The Seahawks general manager was in Indianapolis to evaluate some of college football's top prospects, but as is the case for every executive or head coach, the combine is about a lot more than just watching potential draft picks run and jump. There is free agency to discuss, agents to meet with, media obligations and so much more than just scouting players.
On Wednesday afternoon, for example, Schneider had a meeting with his scouting department in a hotel room, then immediately made his way to Lucas Oil Stadium for media obligations, which include a radio hit, a press conference and then an informal scrum with local media, all of which had to happen in under an hour so he could get back to his hotel for another meeting.
The result of that time crunch was that what was meant to be a sit-down interview with Schneider instead becomes a walk-and-talk between Lucas Oil Stadium and a downtown Indianapolis hotel—picture a scene from an Aaron Sorkin drama, but with less witty banter and more sweating.
Q: We'll start with the big picture. This is your seventh draft as the Seahawks general manager, how has this job been compared to what you were expecting when you were hired in 2010?
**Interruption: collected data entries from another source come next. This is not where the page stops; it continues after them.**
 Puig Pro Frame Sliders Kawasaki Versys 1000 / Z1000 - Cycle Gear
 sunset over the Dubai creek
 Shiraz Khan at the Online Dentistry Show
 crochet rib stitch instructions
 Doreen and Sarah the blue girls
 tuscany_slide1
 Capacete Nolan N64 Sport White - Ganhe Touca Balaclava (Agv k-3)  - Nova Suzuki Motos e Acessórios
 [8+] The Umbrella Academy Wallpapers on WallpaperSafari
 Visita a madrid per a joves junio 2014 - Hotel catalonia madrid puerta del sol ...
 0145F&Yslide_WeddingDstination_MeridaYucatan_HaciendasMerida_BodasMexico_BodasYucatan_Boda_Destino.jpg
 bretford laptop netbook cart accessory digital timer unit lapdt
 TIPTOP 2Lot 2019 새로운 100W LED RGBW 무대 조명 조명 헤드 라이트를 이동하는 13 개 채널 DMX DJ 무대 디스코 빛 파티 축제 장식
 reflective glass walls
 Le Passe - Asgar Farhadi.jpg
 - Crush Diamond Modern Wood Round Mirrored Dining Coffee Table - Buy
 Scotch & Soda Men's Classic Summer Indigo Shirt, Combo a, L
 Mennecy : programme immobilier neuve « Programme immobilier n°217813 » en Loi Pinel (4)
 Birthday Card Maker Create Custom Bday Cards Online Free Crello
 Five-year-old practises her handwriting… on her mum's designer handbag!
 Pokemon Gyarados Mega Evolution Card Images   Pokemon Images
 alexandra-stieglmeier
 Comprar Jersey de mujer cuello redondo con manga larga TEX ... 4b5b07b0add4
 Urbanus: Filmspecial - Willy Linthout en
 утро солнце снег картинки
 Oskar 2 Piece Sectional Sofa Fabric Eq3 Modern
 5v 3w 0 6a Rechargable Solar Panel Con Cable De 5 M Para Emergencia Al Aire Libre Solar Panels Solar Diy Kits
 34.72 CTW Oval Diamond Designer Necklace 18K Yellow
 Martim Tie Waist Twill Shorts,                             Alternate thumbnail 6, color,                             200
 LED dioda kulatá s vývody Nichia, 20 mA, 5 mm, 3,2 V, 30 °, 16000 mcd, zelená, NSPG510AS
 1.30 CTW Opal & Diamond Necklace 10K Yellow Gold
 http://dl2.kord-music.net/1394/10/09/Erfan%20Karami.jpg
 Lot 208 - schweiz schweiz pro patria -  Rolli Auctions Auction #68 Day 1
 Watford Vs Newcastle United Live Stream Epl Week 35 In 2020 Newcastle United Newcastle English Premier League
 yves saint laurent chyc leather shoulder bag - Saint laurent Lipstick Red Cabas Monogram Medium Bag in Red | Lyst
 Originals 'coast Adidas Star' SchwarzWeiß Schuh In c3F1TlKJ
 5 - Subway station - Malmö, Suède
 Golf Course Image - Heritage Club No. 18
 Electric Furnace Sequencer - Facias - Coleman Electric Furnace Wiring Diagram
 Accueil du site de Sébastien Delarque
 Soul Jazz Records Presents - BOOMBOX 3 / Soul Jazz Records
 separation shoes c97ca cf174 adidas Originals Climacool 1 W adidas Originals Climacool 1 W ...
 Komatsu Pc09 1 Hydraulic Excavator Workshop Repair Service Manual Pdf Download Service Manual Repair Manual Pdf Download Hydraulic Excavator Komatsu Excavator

Schneider: "The biggest thing is that you're leading an organization and managing in a general fashion rather than just picking football players. Rather than just evaluating players, you're evaluating trainers and doctors and equipment people and grounds crew, making sure that everybody is on the same page and communicating. It's being able to problem solve on the fly if things come up with players, and really, there's not a playbook for it. That's probably the biggest thing, just being in the chair and learning on the fly, then praying that you're doing a good enough job and improving every day. It's learning, trying to learn different ways to do your job. It's not just about picking football players."
Q: What is the most important thing you get out of the combine when it comes to evaluating players?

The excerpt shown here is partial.